> [Work instructions]: Go to the line below that has "deshielo en el", print it and each line after it exactly, and stop after the line that has "Mattel games Spiel"; leave out pictures.
Stored data START
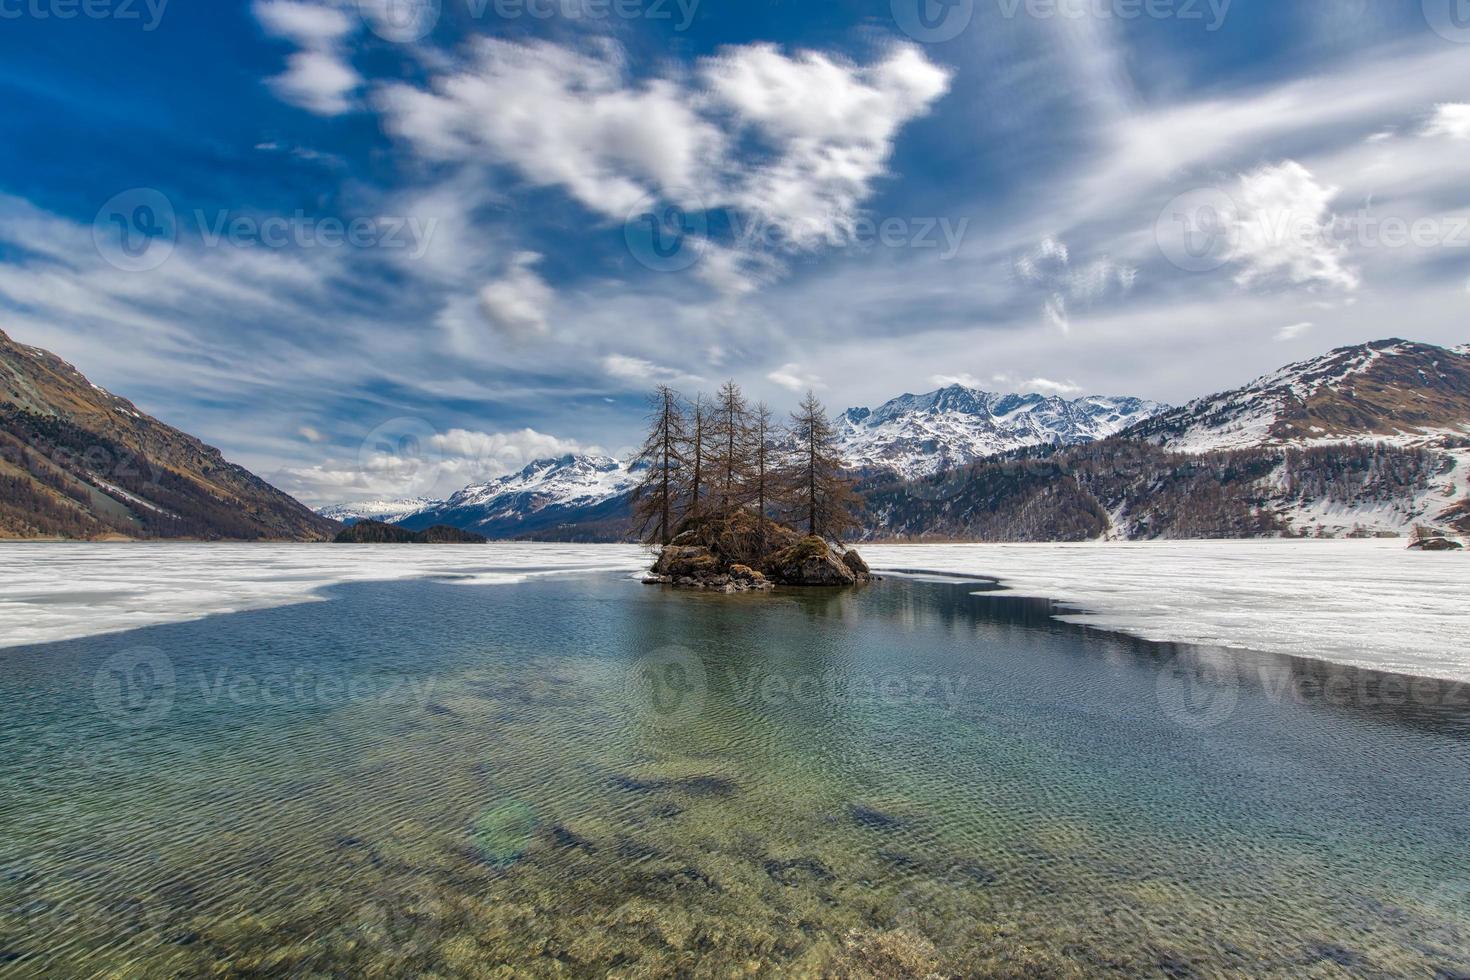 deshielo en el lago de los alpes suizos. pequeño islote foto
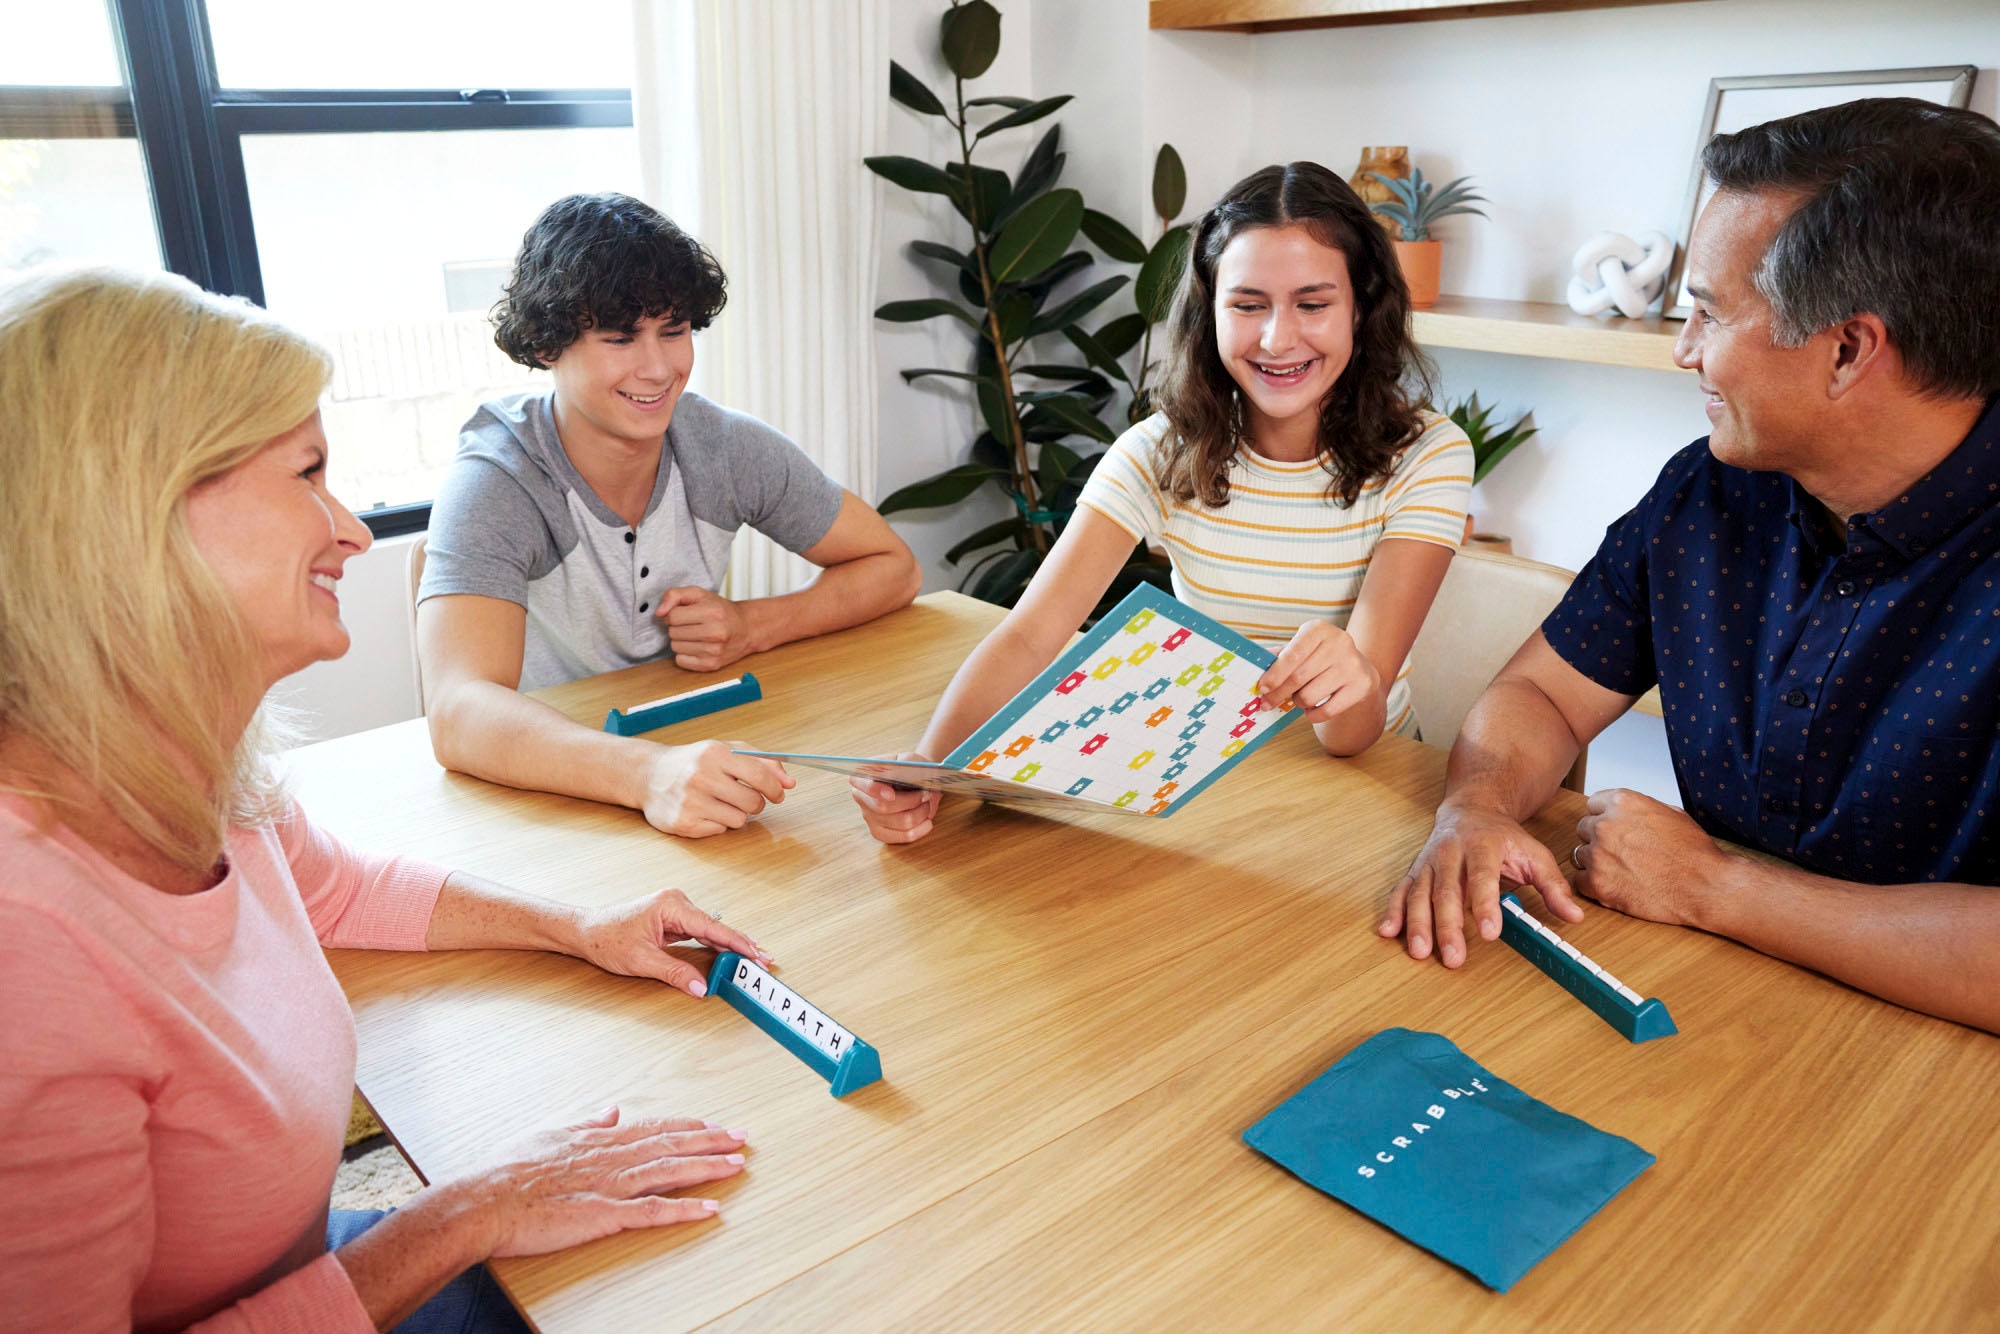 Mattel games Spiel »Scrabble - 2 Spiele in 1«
Stored data END
Stored data START
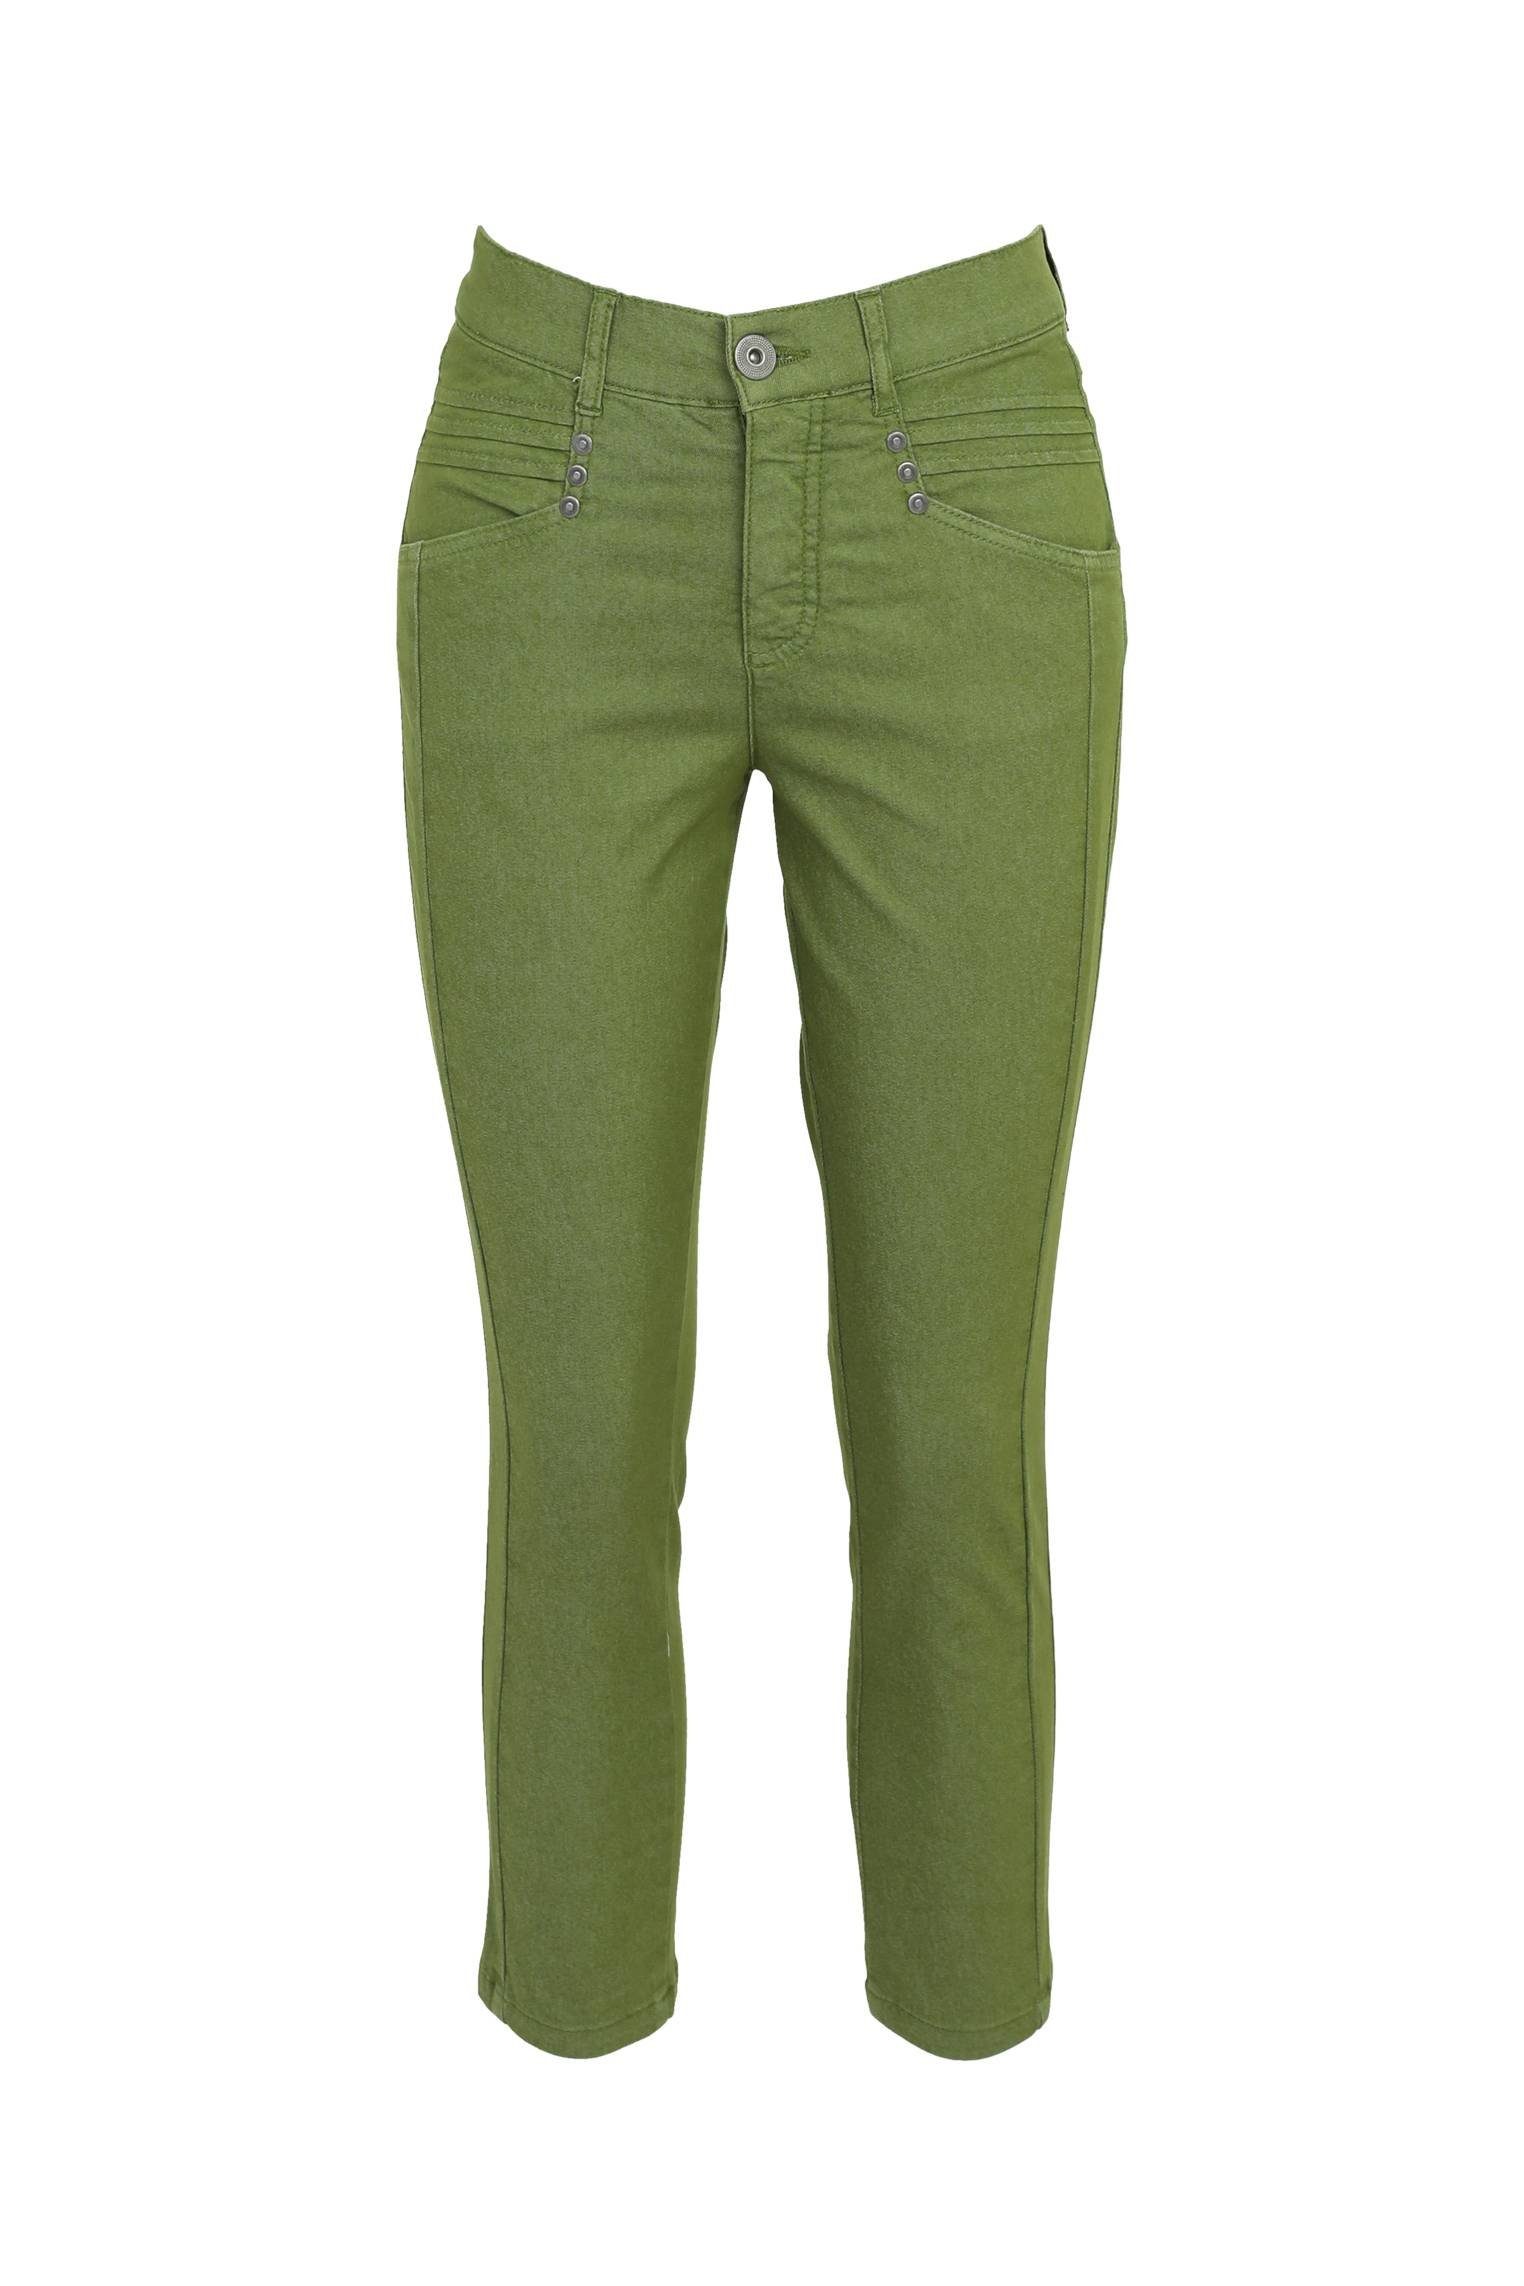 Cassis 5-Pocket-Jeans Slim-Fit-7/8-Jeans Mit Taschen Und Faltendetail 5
Stored data END
> [Response to the exercise]:
 deshielo en el lago de los alpes suizos. pequeño islote foto
 Mattel games Spiel »Scrabble - 2 Spiele in 1«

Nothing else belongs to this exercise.